__EXERCISE BRIEF__: Everything from the line containing "The old pumping" down to the last line below should be set down exactly, and only that, without the pictures.

+++

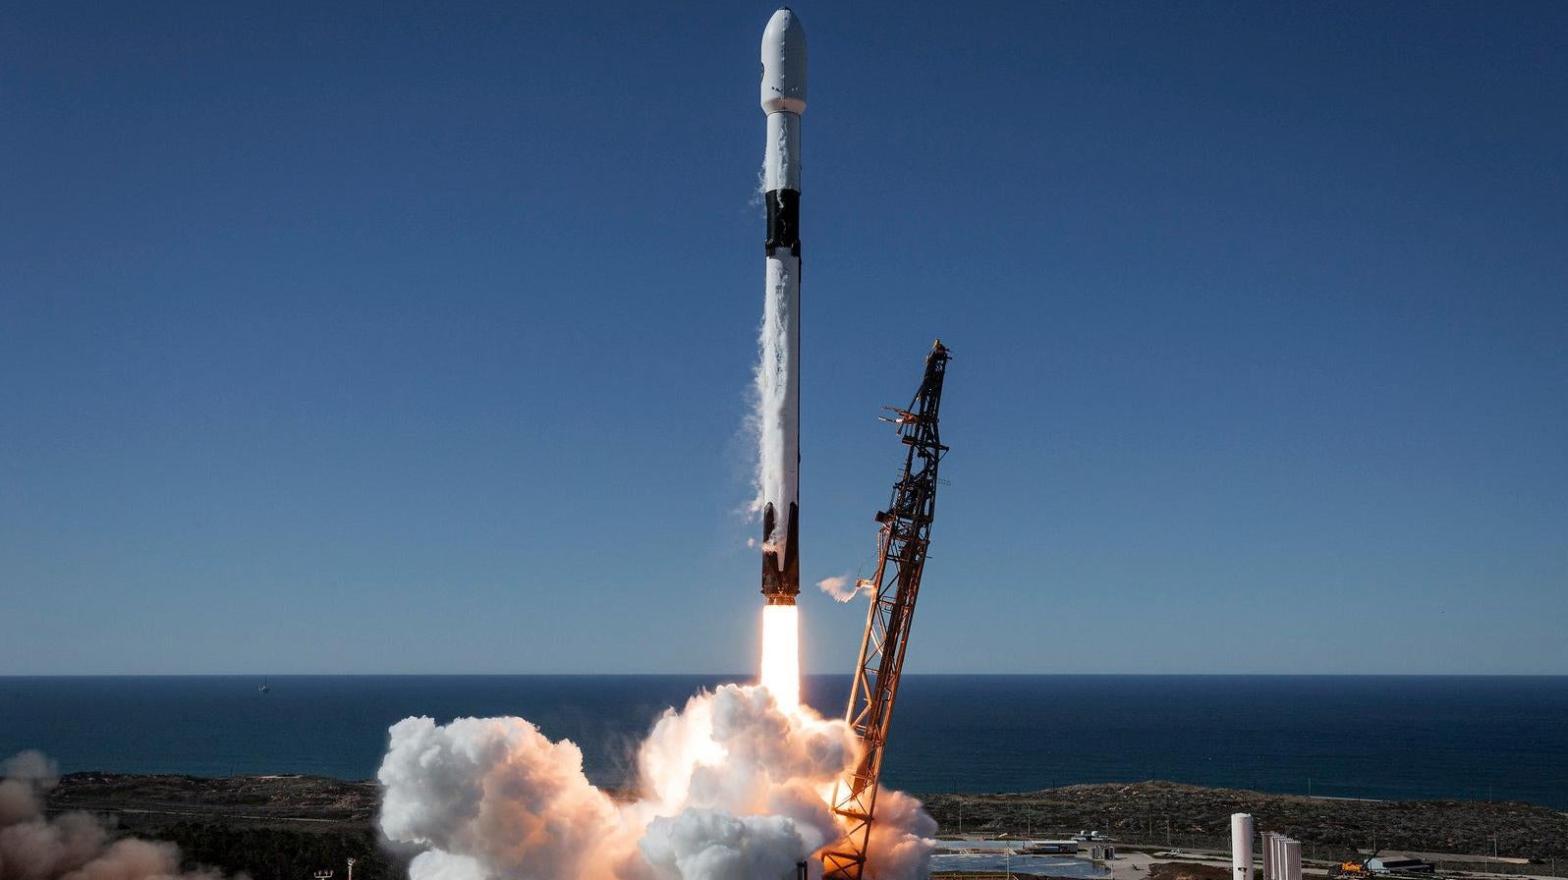 USA 326 satellite launched in February onboard a SpaceX Falcon 9 rocket. (Photo: SpaceX)
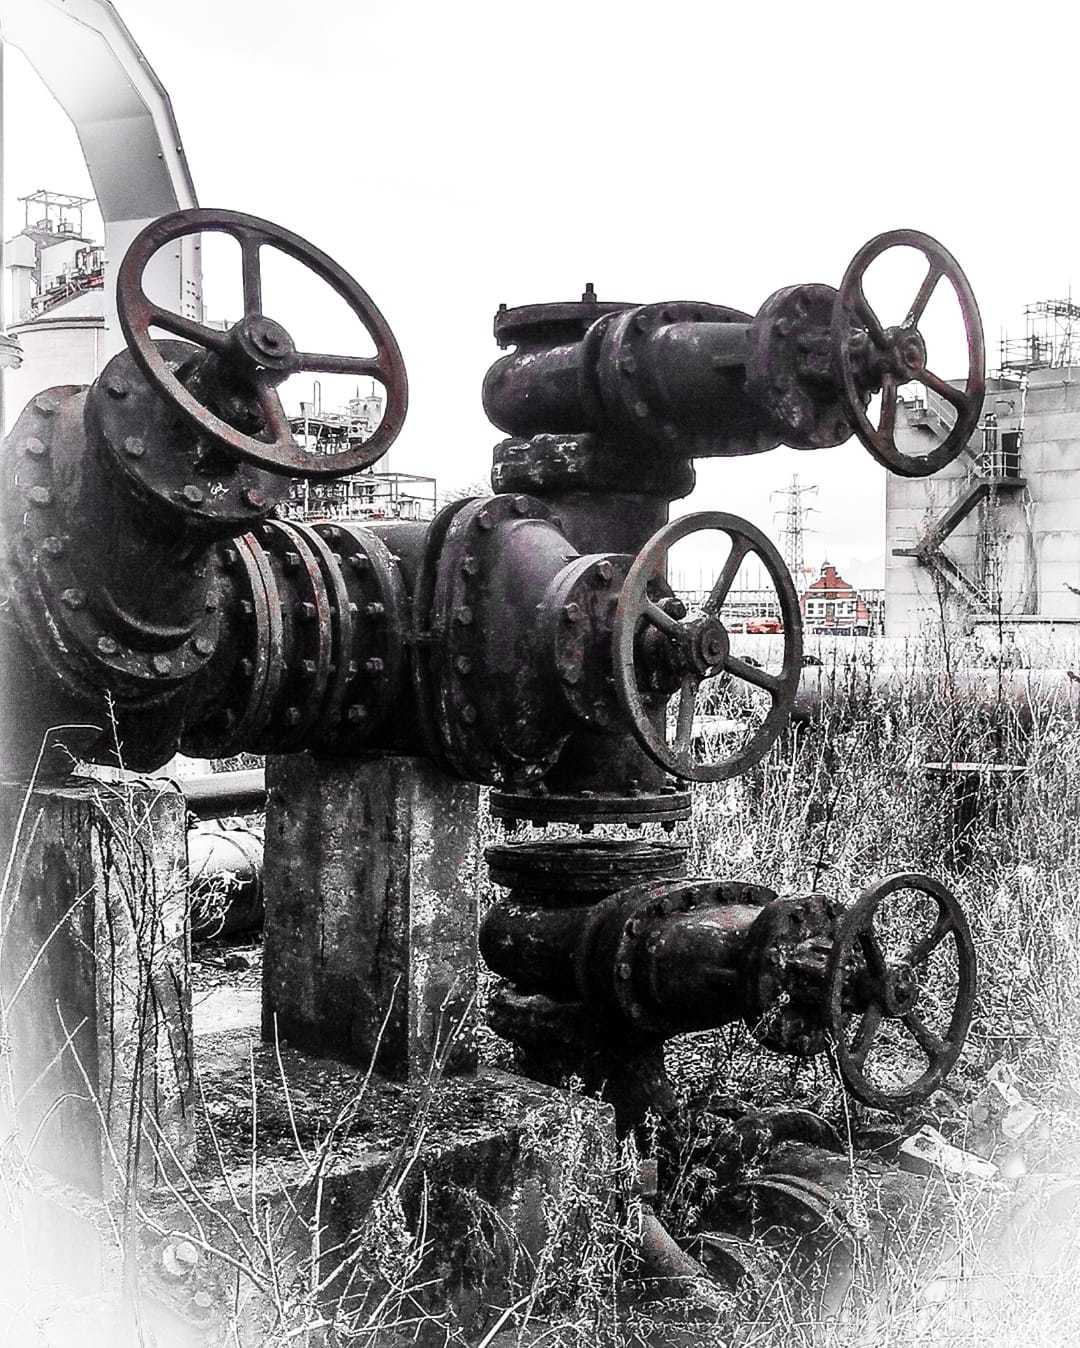 The old pumping pipes on the canal by Ann Marie Taylor
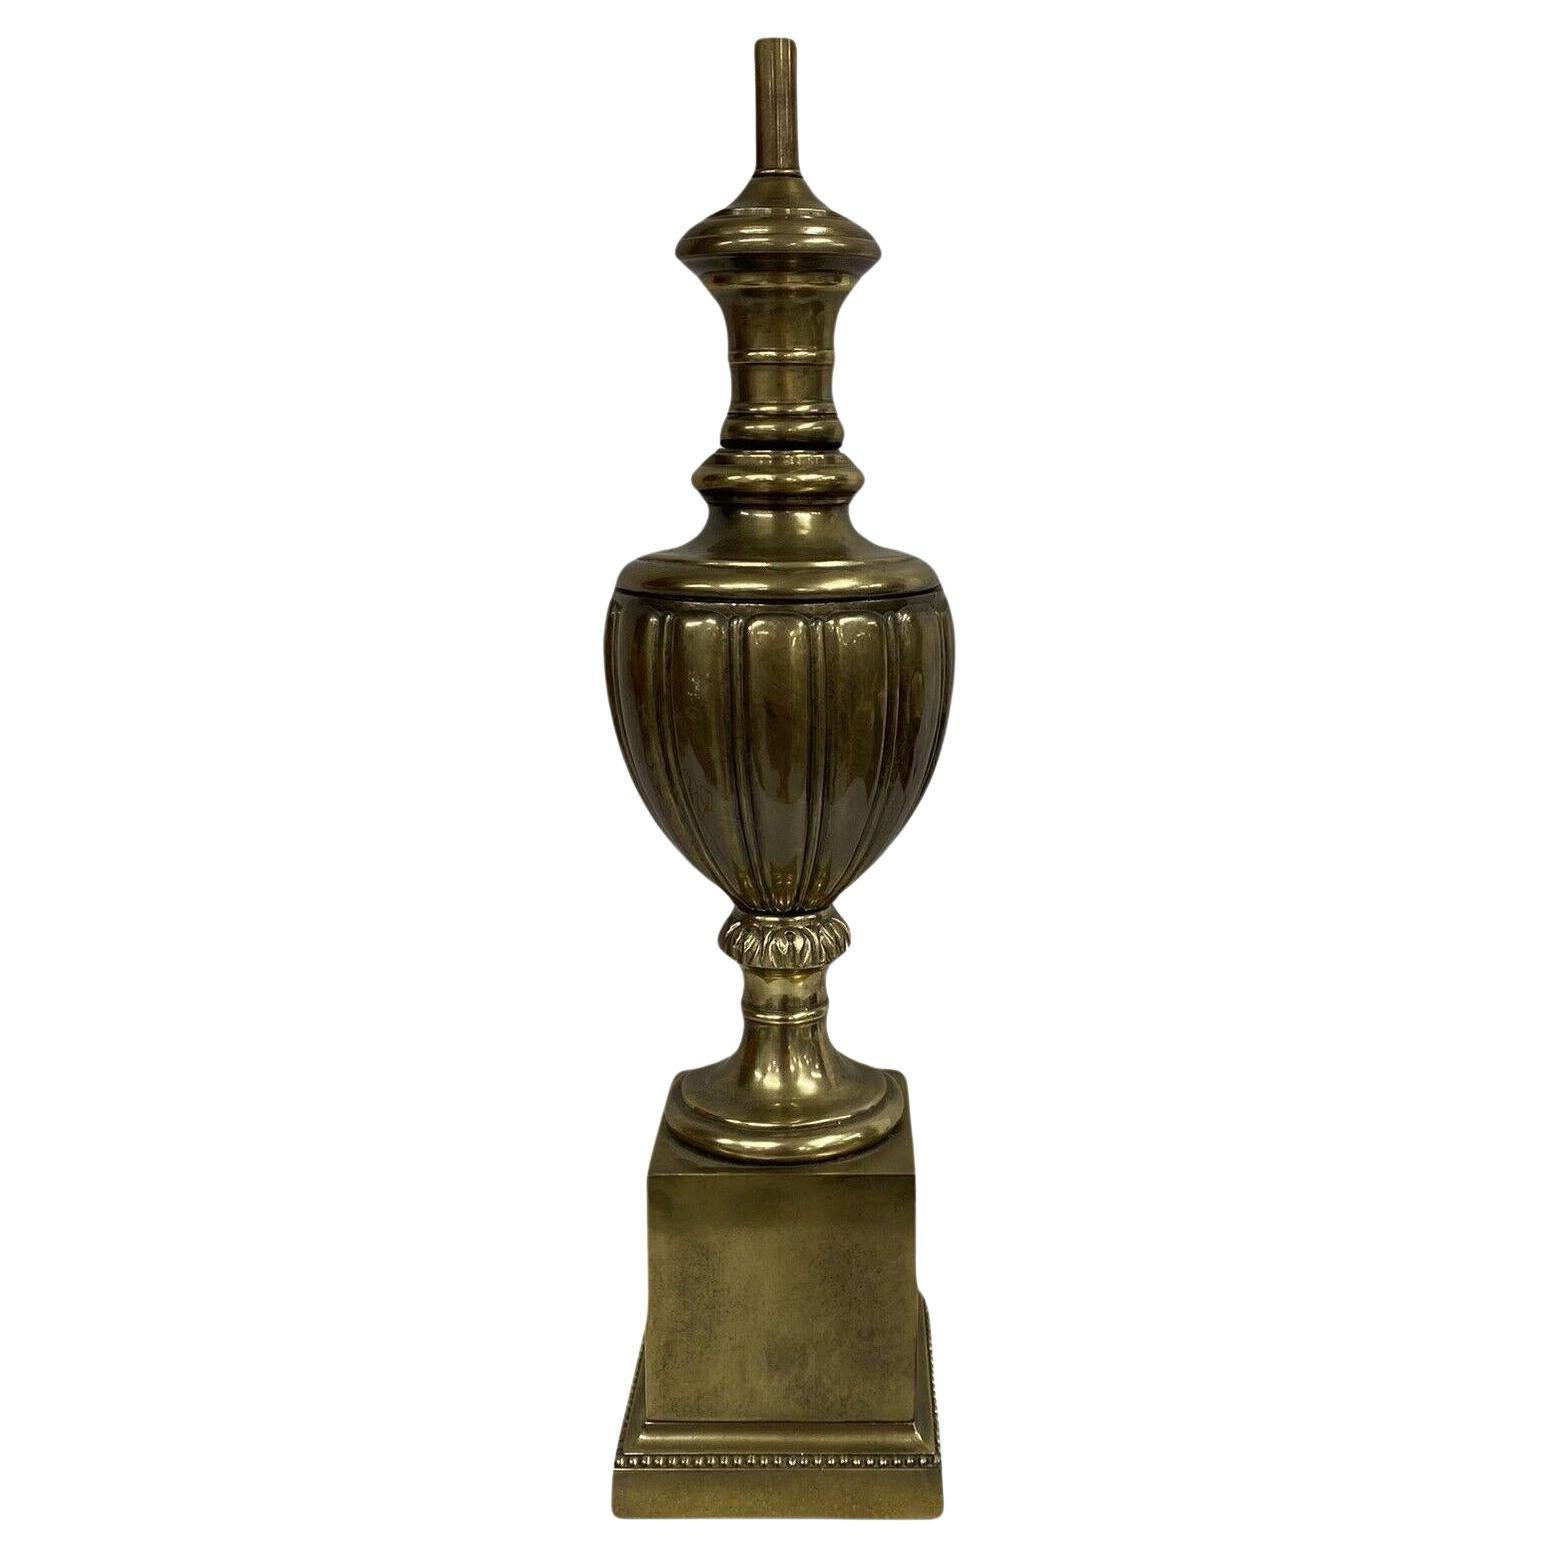 A single circa 1940’s French neoclassic bronze lamp.

Measurements:
Height of body :22

+++

__ANSWER BOX__:
 The old pumping pipes on the canal by Ann Marie Taylor
 A single circa 1940’s French neoclassic bronze lamp.

Measurements:
Height of body :22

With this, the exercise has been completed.